Before I embark on anything, I should seek God’s mind, judging my hearts as to what may be hindering. If I have not done so, and later meet with difficulties, I will be uncertain as to whether it was God’s mind or not, and be discouraged. But on the other hand, I have God’s mind and am in communion with Him, I shall be ‘more than a conqueror’ (Rom 8:37). The power of faith removes mountains: as I am obedient, the Lord gives me to find out His way.
Many speak of providence as a guide. The Lord sometimes guides, or rather controls, by providential circumstances, so that I do not go wrong, and I should be thankful that He does so. But I am like a horse or mule without understanding. If, like a stubborn mule, I am insubject to the Lord’s will, I must be controlled with bit and bridle. Providence does sometimes control, but it never guides persons; it guides things. Suppose that I am going to a place to preach, and my train is delayed and I miss a connection and hence fail to give my sermon. God has ordered things, but God has not guided me. It was my will to go, and I would have gone had the train not been delayed. This is not being guided by the ‘eye’, but controlled by the “bit” of God. Though providence overrules, it does not, properly speaking, guide.

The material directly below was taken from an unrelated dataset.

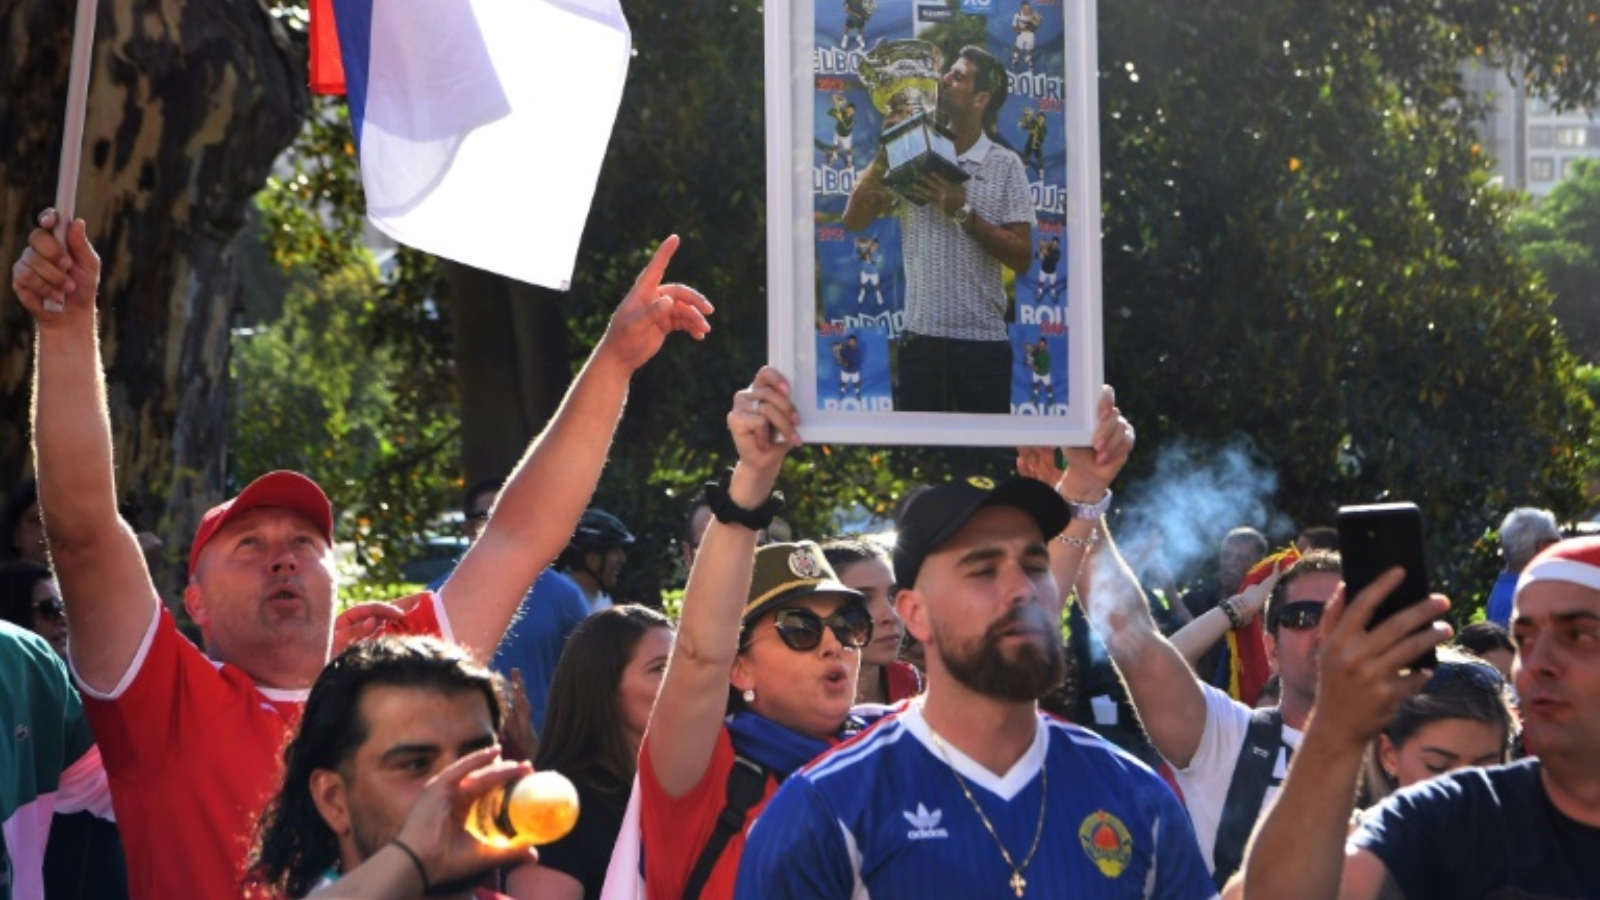 أشخاص من الجالية الصربية في أستراليا يتظاهرون خارج مكان احتجاز نوفاك ديوكوفيتش في ملبورن
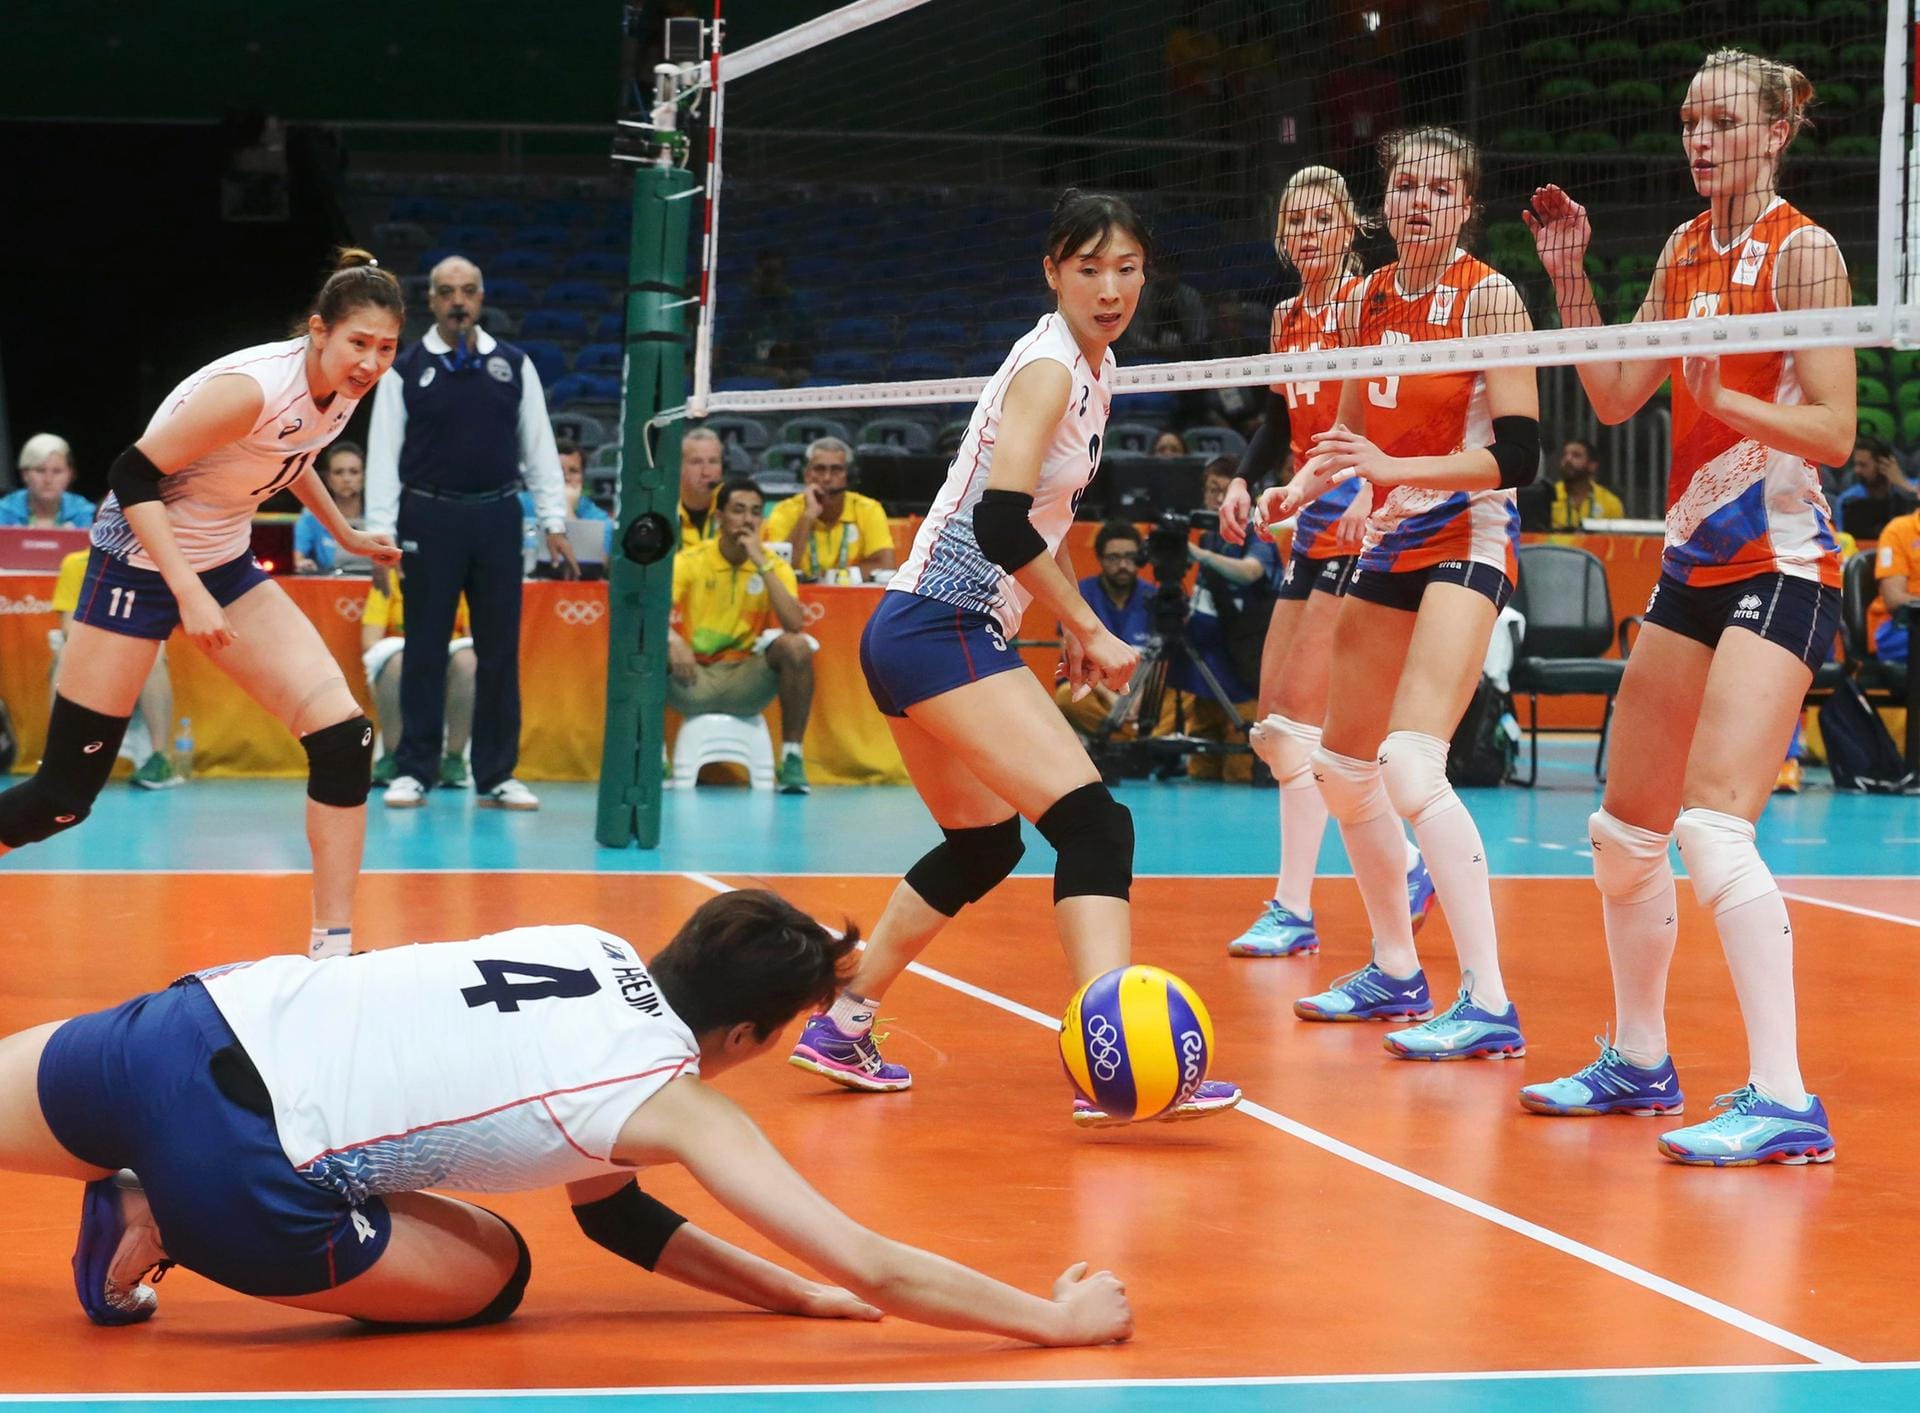 Alle Blicke sind aufs Spielgerät gerichtet. Im Viertelfinale des olympischen Volleyballturniers verpatzt die Südkoreanerin Kim Hee-Jin ihre Annahme im Spiel gegen die Niederlande. Nicht nur in dieser Situation hat Südkorea das Nachsehen: Die Niederlande gewinnt das Spiel mit 3:1-Sätzen und steht im Halbfinale.

There is guidance with knowledge, and guidance without knowledge. The former is our blessed privilege; but we may need the latter to humble us. In Christ everything was exactly according to God. In a certain sense He had no character. When I look at Him, what do I see? Constant, never-failing, perfect obedience. There is great diversity of character amongst men – one tender and soft, another decisive and domineering. You do not see that in Christ: there is no unevenness – every faculty in His humanity was obedient, and subject to the impulse of God’s divine will.
In Colossians 1:9-11, we find the individual to be ‘filled with the knowledge of his will in all wisdom and spiritual understanding‘ The Holy Spirit guides us as to the divine will, and there is no need even to pray about it. If I have spiritual understanding and have prayed a lot in general, I will have enjoyed such communion so as to know God’s will. The way is full of stumbling blocks. As children of light we miss them. If we walk in the night we have to look out for the stones and it is easy to stumble over them. Jesus said, ‘Are there not twelve hours in the day? If any man walk in the day, he stumbleth not, because he seeth the light of this world.’ (John 11:8).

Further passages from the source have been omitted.